Скоро, скоро уже доберусь я и до Майи-Стины, что бредет по песку в своей черной шали, которую треплет ветер. Доберусь или, наоборот, вернусь? Никак не возьму в толк. Она бредет по песку далеко-далеко внизу и делается все меньше и меньше, хотя в Сказании она будет занимать все больше и больше места. И одновременно она сидит здесь, рядом со мною и ни чуточки не меняется, разве что губы ее морщит досадливая улыбка.

Майя-Стина, в чем дело? Ты же сама решила, что рассказывать буду я. Вечность покажется малышам вязкой, как тесто, если они будут вот так вот сидеть по деревьям и ждать, и ждать, и ждать. А не то рассказывай сама — надо же их чем‑то занять.

Знаю, знаю, ты, верно, считаешь, что все эти истории не предназначены для детских ушей.

Ты сызмальства была недотрогой. Отбивалась, когда тебя обнимали. Разве так можно? Детей целуют, голубят, ведь дети — сама невинность. А взрослым подают руку. По-моему, ты уже тогда начала выпадать из времени.

И потом. Дети, что сидят по деревьям, уже и не дети вовсе, а коконы, в которых дремлют судьбы.

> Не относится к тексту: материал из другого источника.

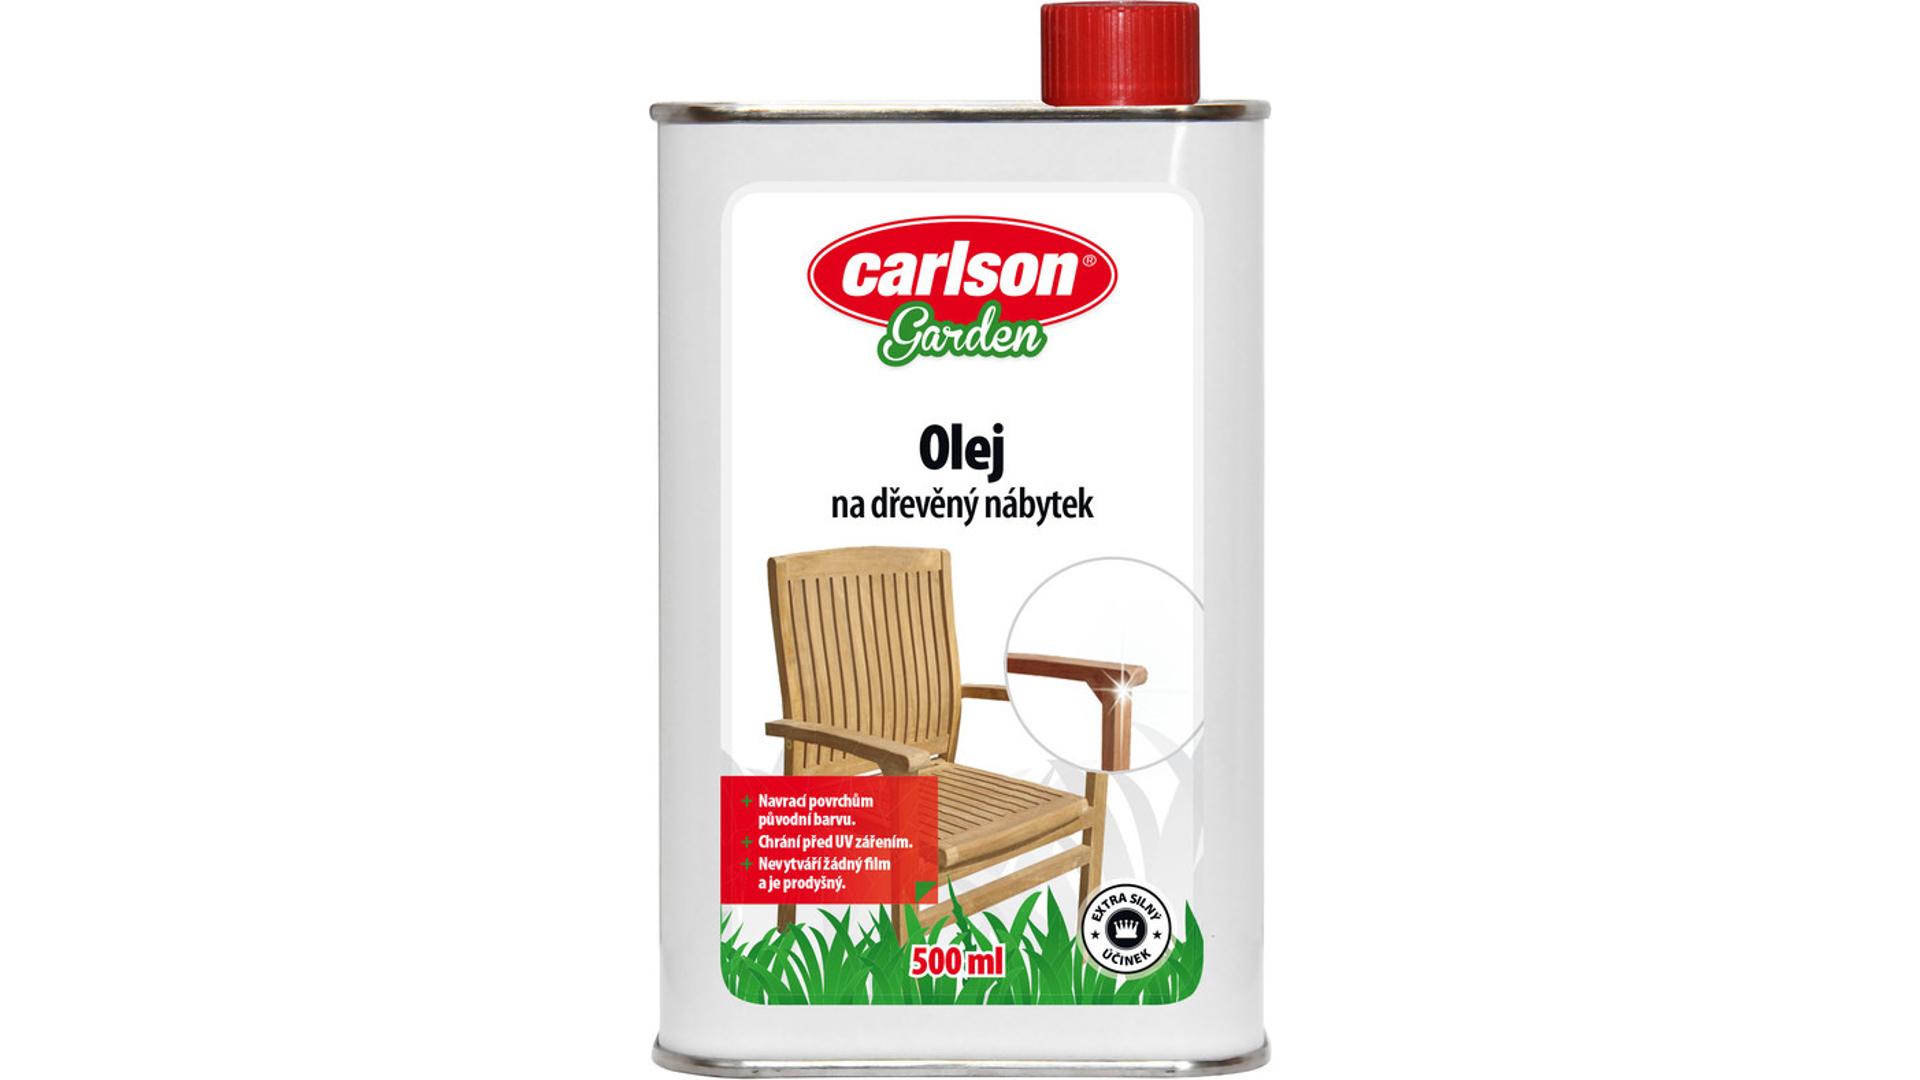 CARLSON olej na dřevěných nábytek 500ml
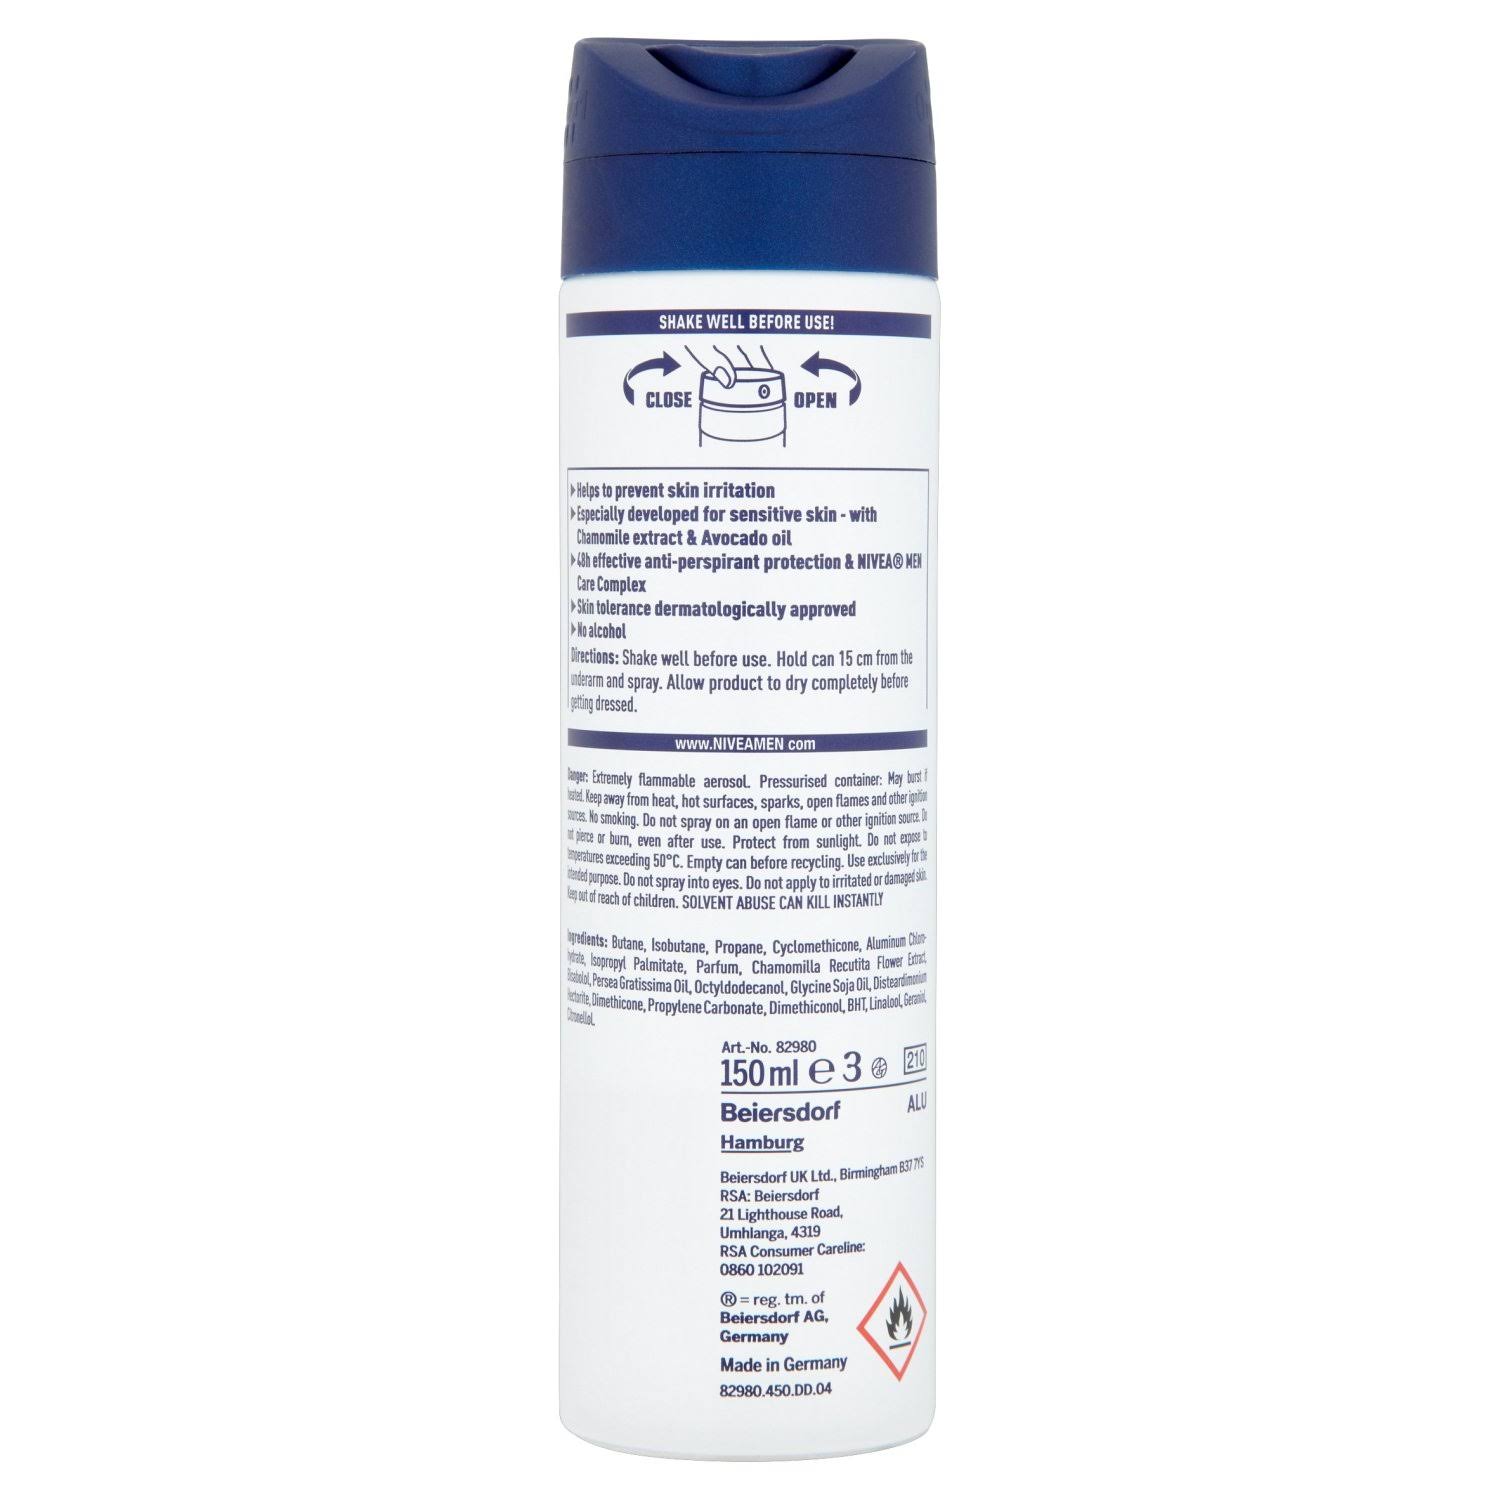 Nivea Men's Sensitive Protect Spray - 150ml

Ты сама решила, что рассказывать буду я. Вот я и рассказываю, что мне вздумается, стараясь при этом не сбиться с голоса, который тебе по душе.

Вот — слова. Их тоже уносит в неведомое, они жужжат и порхают над нами, каждое — само по себе. Это — строительный материал, звуки и краски. Их еще нужно состыковать, только тогда они и обретут смысл.

Может, мне стоит вспомнить твои сказки? Или же бросить взгляд на Землю, а заодно всмотреться в золотой шар и с легким сердцем пересказать, что я вижу?

Но золотой шар — не слишком‑то большая подмога Внутри него теснятся целых одиннадцать измерений, ну пускай семь. И нет ни единого слова, одни лишь картины, что мелькают, мелькают, до ряби в глазах разворачиваются, в глубину, ширину, высоту, и мгновенно сворачиваются, а еще там отражается время, подвижное, переменчивое. В золотом шаре я вижу весь мир, многоликий, многообъятный. Описать его недостанет слов. Это зеркало в зеркале — до бесконечности. И все же я должна переложить на слова увиденное. Я должна рассказывать. Это напоминает игру, ты словно бы берешь в руки разноцветные камешки и выкладываешь мозаику.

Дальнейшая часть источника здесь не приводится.